DATASET EXTRACT:
>>>

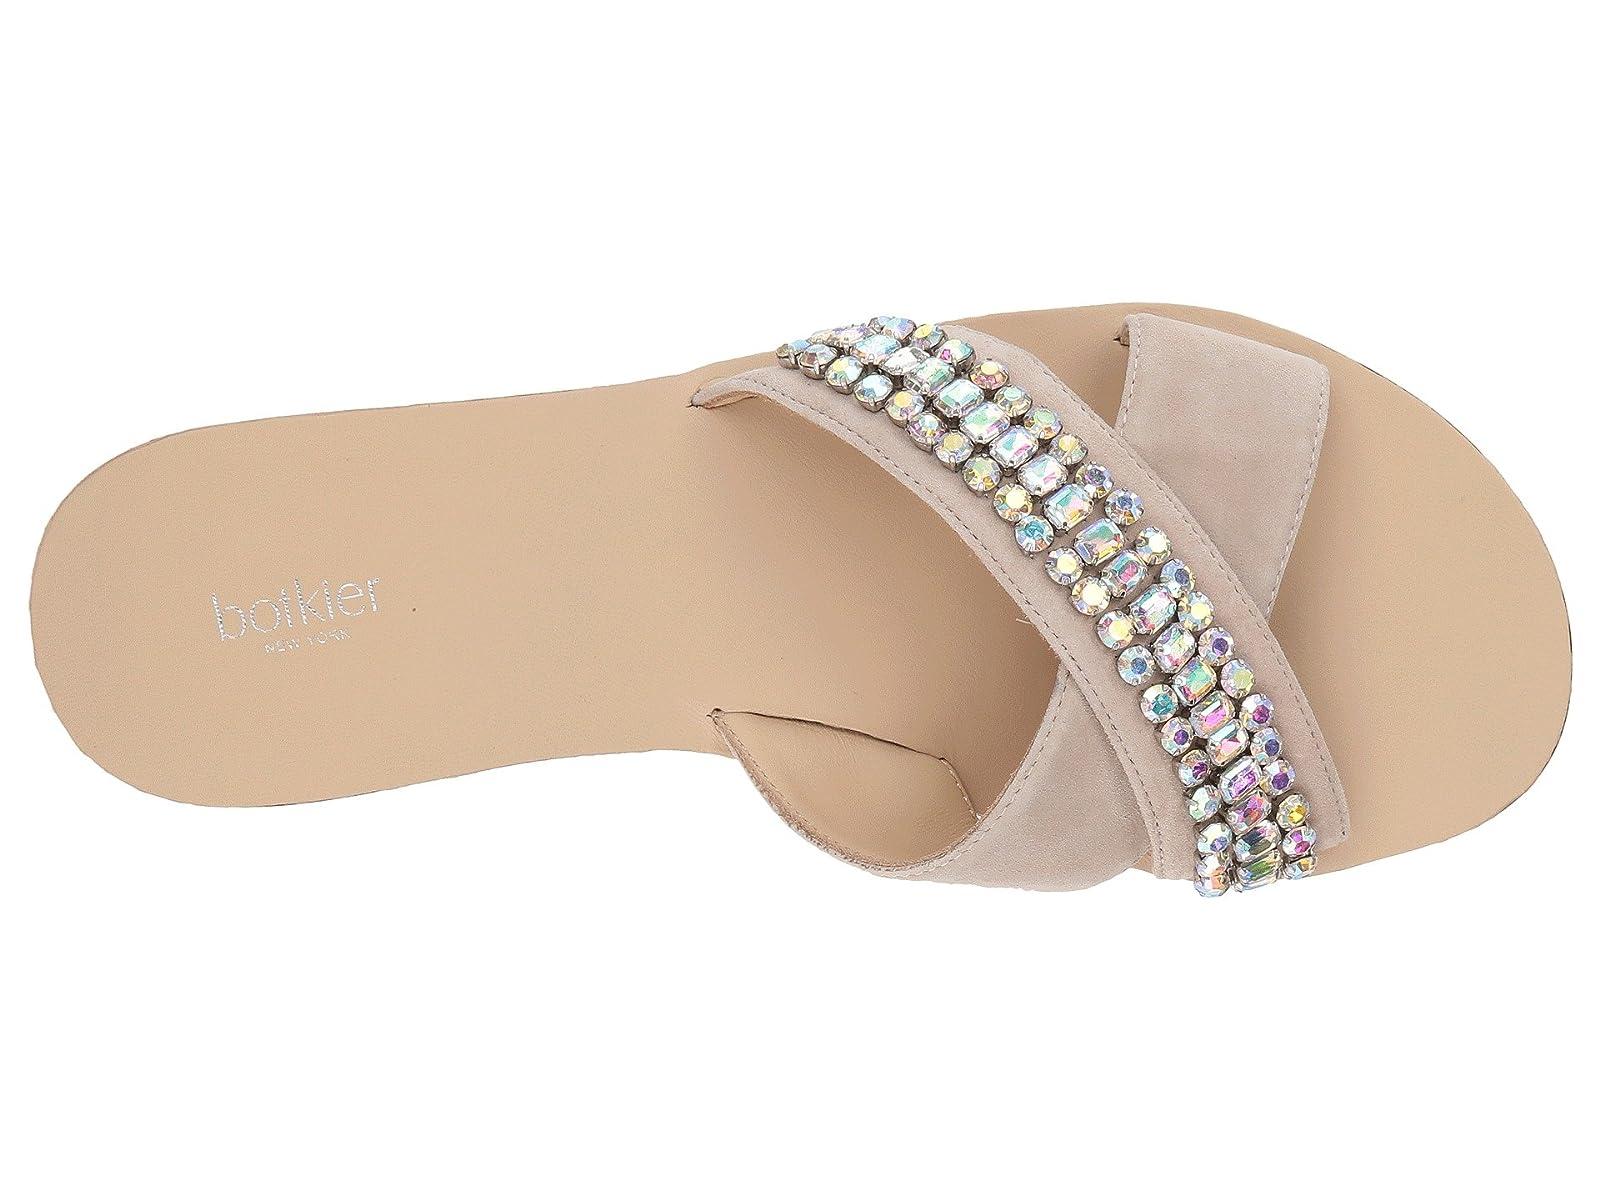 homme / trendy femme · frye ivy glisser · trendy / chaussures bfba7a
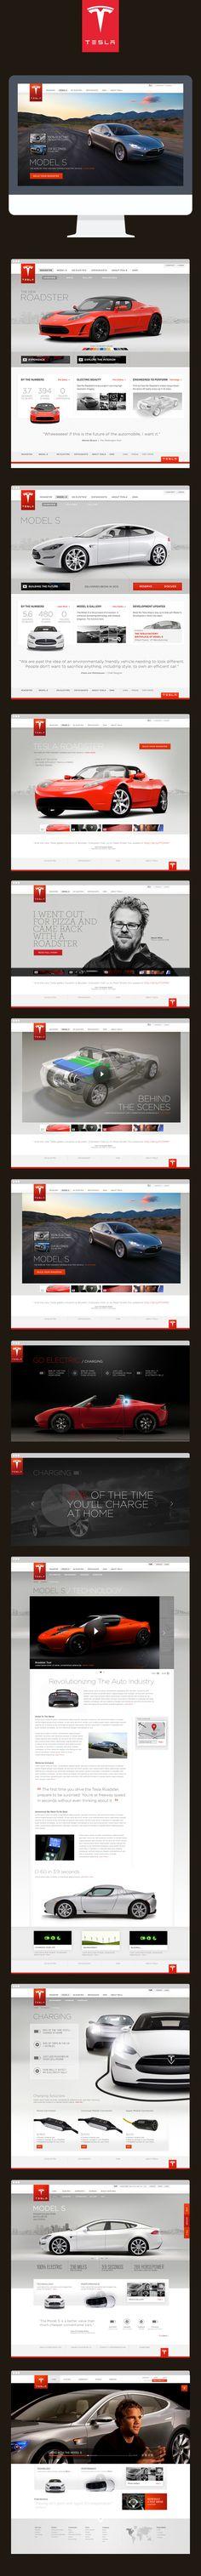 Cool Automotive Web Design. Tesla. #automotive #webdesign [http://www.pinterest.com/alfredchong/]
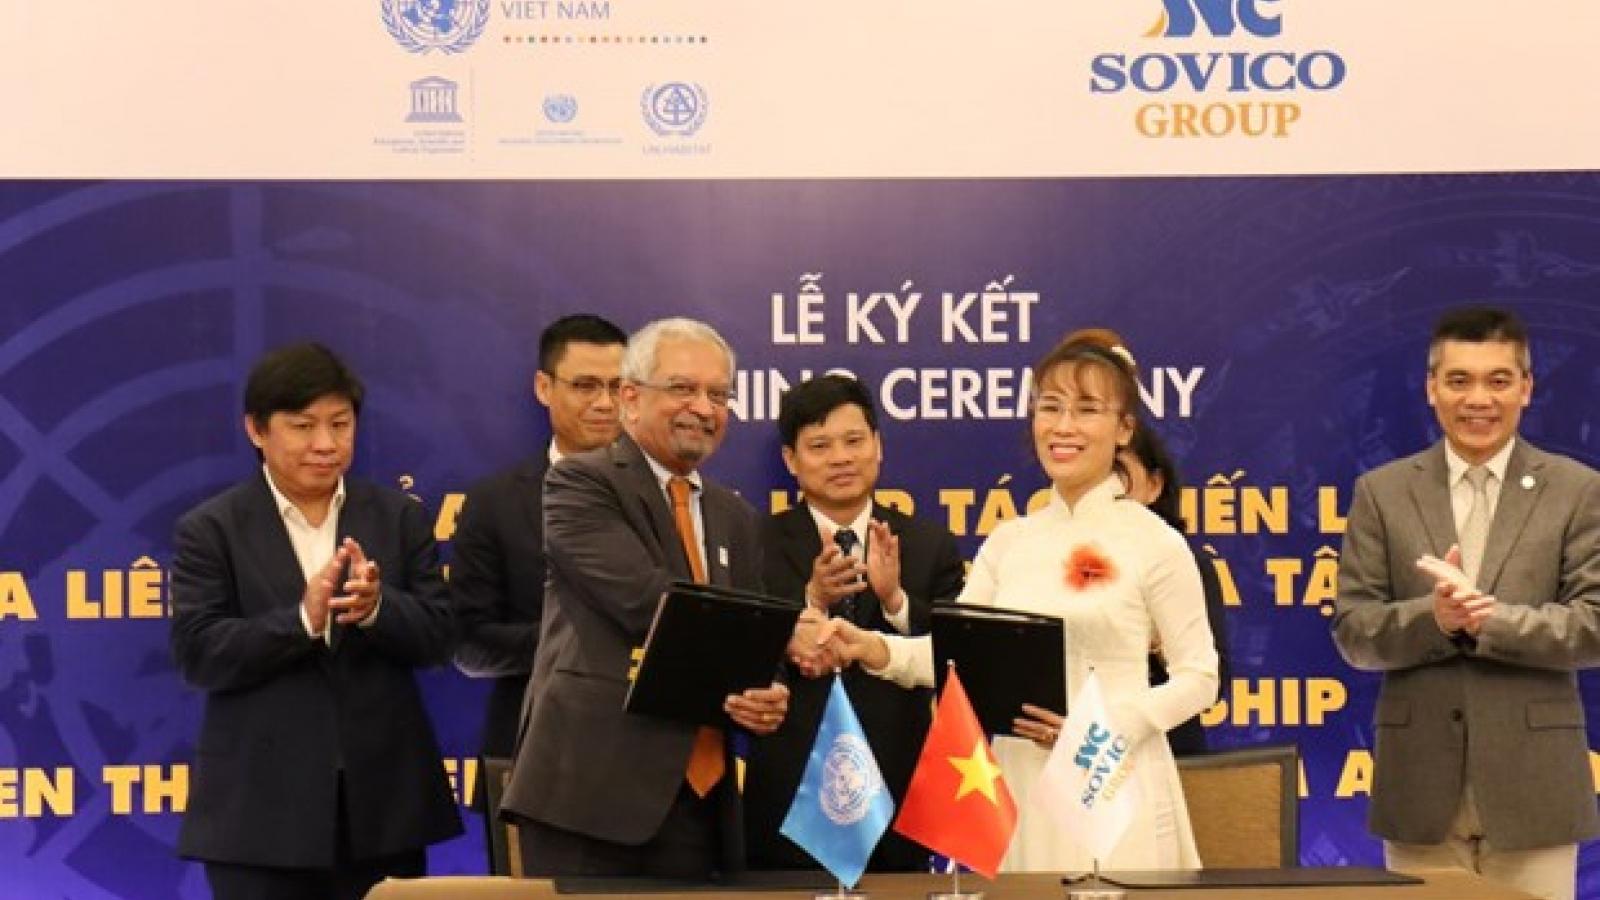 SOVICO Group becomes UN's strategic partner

<<<

WHAT THIS TASK INVOLVES: Write out again every line above exactly as given; the pictures do not belong in the copy.

ANSWER FOR THIS EXERCISE:
 homme / trendy femme · frye ivy glisser · trendy / chaussures bfba7a
 Cool Automotive Web Design. Tesla. #automotive #webdesign [http://www.pinterest.com/alfredchong/]
 SOVICO Group becomes UN's strategic partner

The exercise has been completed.